ABOUT THE INDUSTRY SESSION:
Writer/director/producer Dustin Curtis Murphy sits in conversation with peer filmmaker Alix Austin (KILL YOUR LOVER) for a no-hold barred Q&A exploring both the inspirational & cautionary side of how to make your own debut feature film with little-to-no traditional industry support.
COYOTE was shot in 2022 over 15 days with a budget of roughly £80k. It was released in North America in 2023 after a limited festival run (including winning Best Sci-Fi Feature at VORTEX - the genre sidebar of the previously Oscar qualifying Flickers’ Rhode Island Film Festival). Its final festival was Unrestricted View 2024 where it won Best Director & Best Supporting Actor.

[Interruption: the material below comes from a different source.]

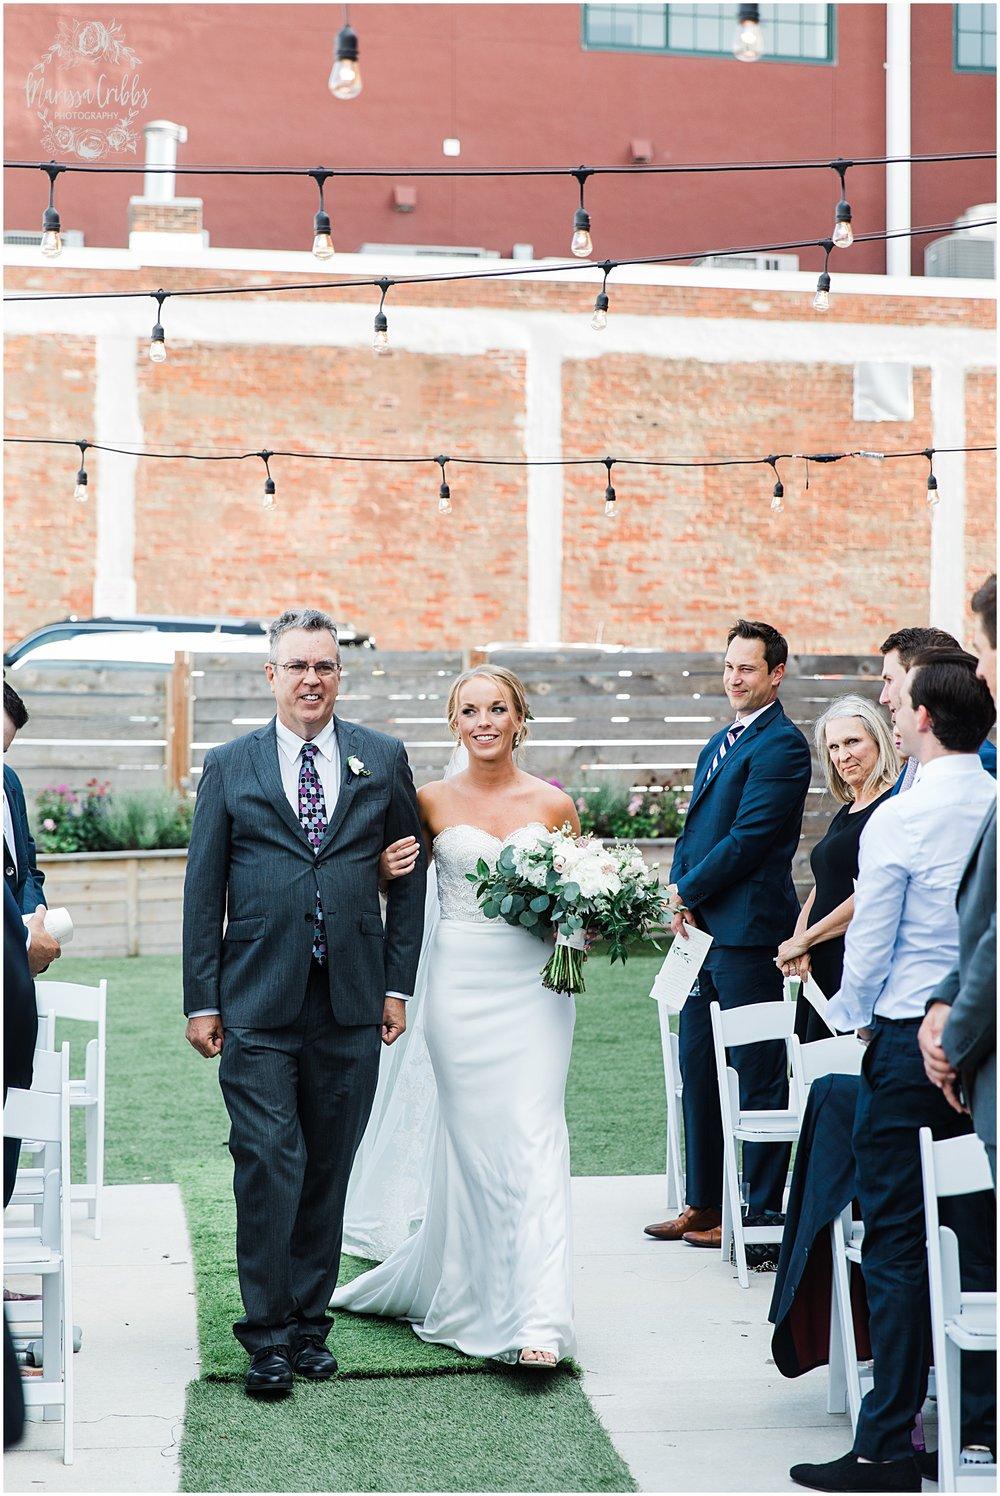 MAGNOLIA VENUE WEDDING | CHARLIE & NATALIE | MARISSA CRIBBS PHOTOGRAPHY_5754.jpg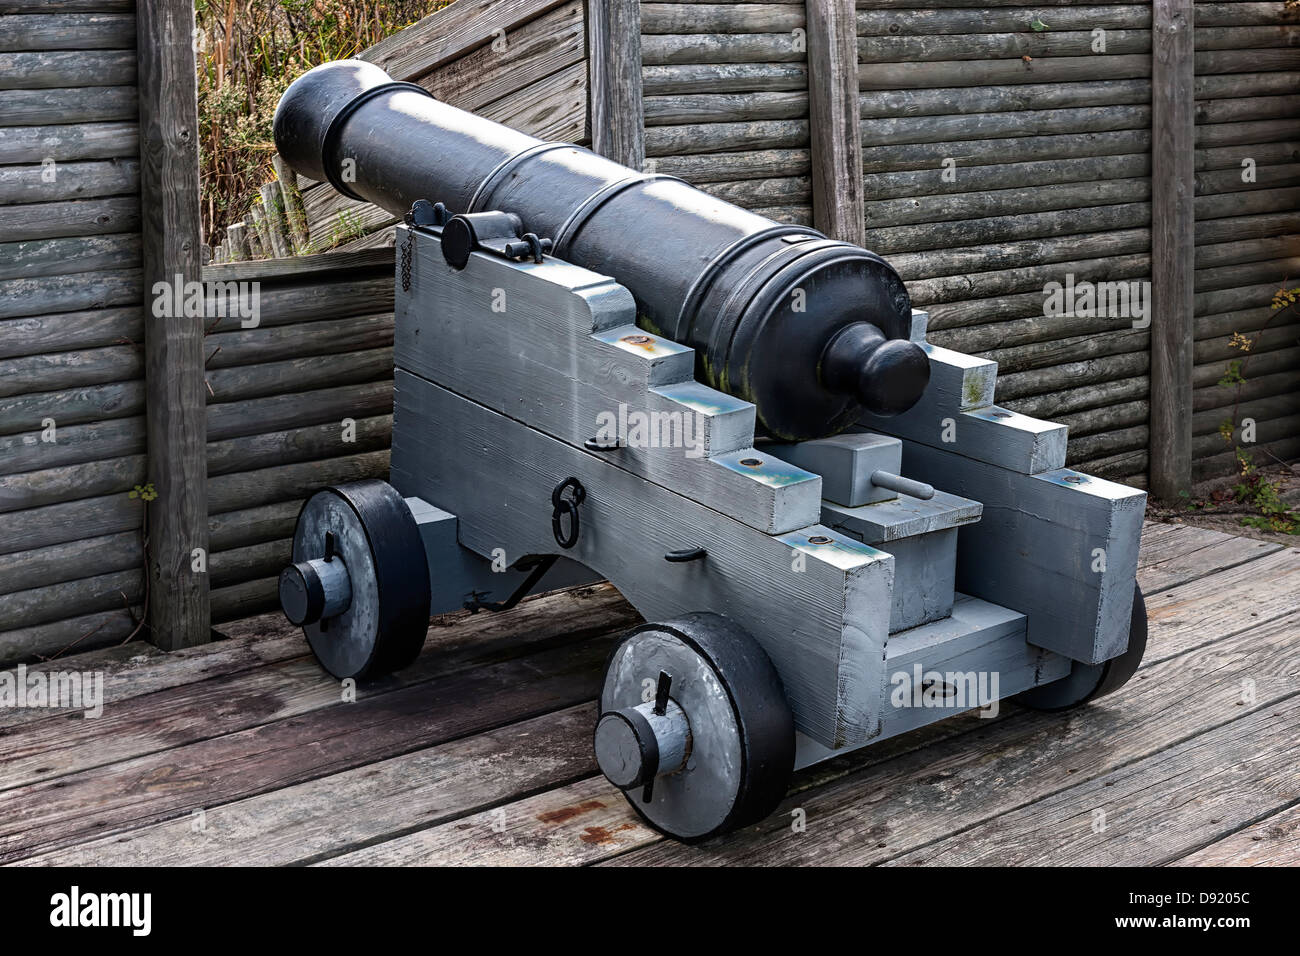 Una pistola emplacement a Fort King George, Darien Georgia Immagini Stock

It was then released in the UK under the new title TELEPORT contrary to any meaningful consultation from the film’s producing team.
IN THE INDUSTRY SESSION WE’LL talk about:
Dustin’s decade+ spent in development with Hollywood producers… that lead nowhere…
How he felt his only option for actualising his goal of becoming a feature filmmaker was to greenlight himself
How he used grass roots private equity to finance the film, including half of the film’s budget coming from his own savings
The pros & cons of being the main financial stakeholder in your own film - the creative freedom it brought paired with a precarious living situation
How creative filmmaking choices kept production costs low resulting in a finished film that was appraised 10x higher it’s budget at film markets
How he wrangled a core team of collaborators from his work in short film to all become stake holders in the feature with the shared goal of the project being a mutually beneficial path toward a feature film career for all involved
The joy of pre, production, & post juxtaposed with the trauma of navigating sales & distribution
Unexpected costs that no one prepares you for
Insight into the independent film festivals that championed the film vs the corporate Hollywood system that devalues indie filmmakers
How, in his experience, a film distributor over-promised and undelivered
The current lack of support for emerging talent and what needs to change
The toll the film industry can have on your mental health, how it’s taken time him time to recoup emotionally, and how you can strengthen your own mental if considering a similar career path
It’s our hope that the unfiltered honesty of this session will give a rare insight into the real-world struggles of indie filmmakers so those thinking of taking the same route into the industry can avoid the pitfalls and repeat the successes.